Show that $a^{(p-1)(q-1)} \equiv 1 \pmod{n}$

Question

Let $p$ and $q$ be two different prime numbers, and $n = p \cdot q$. Let $a$ be a number relative prime to $n$. Use Fermat's little theorem and the Chinese remainder theorem to show that \begin{equation} a^{(p-1)(q-1)} \equiv 1 \pmod{n} \end{equation} By the Chinese remainder theorem I can write this as the system of linear congruences \begin{align*} \begin{cases} a^{(p-1)(q-1)} \equiv 1 \pmod{p} \\ a^{(p-1)(q-1)} \equiv 1 \pmod{q} \end{cases} \end{align*} Assuming that the inverse is simply 1 in both cases, that yields the solution \begin{align*} x \equiv a^{(p-1)(q-1)}(q+p) \pmod n \end{align*} Fermat's little theorem gives that \begin{align*} a^{p-1} \equiv 1 \pmod p \\ a^{q-1} \equiv 1 \pmod q \\ \end{align*} I don't really understand how to combine these to get the desired result.

Answer 1

So close! Just raise the first equation to the power of $q-1$ and raise the second equation to the power of $p-1$. Now, you can apply the Chinese Remainder Theorem.

Answer 2

Note that $\phi(n) = \phi(pq) = \phi(p)\phi(q) = (p-1)(q-1)$, where $\phi$ is the Euler Totient Function.

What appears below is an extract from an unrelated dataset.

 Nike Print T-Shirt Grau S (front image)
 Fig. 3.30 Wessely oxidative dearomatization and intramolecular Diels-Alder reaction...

Also we know that whenever $(a,n) = 1$

$$a^{\phi(n)} \equiv 1 \pmod n$$

Answer 3

Given, $p$, $q$ are prime, $\phi(pq)=(p-1)(q-1)$ because every integer less or equal to a prime is relatively prime with that integer. Therefore, $\phi(p)=(p-1)$ and since it is $\phi$ is multiplicative, $\phi(pq)=(p-1)(q-1)$. Euler's theorem states that $a^{ϕ(n)}≡1 (mod n)$, when $(a,n)=1$. Therefore, $a^{(p-1)(q-1)}≡1 (mod n)$.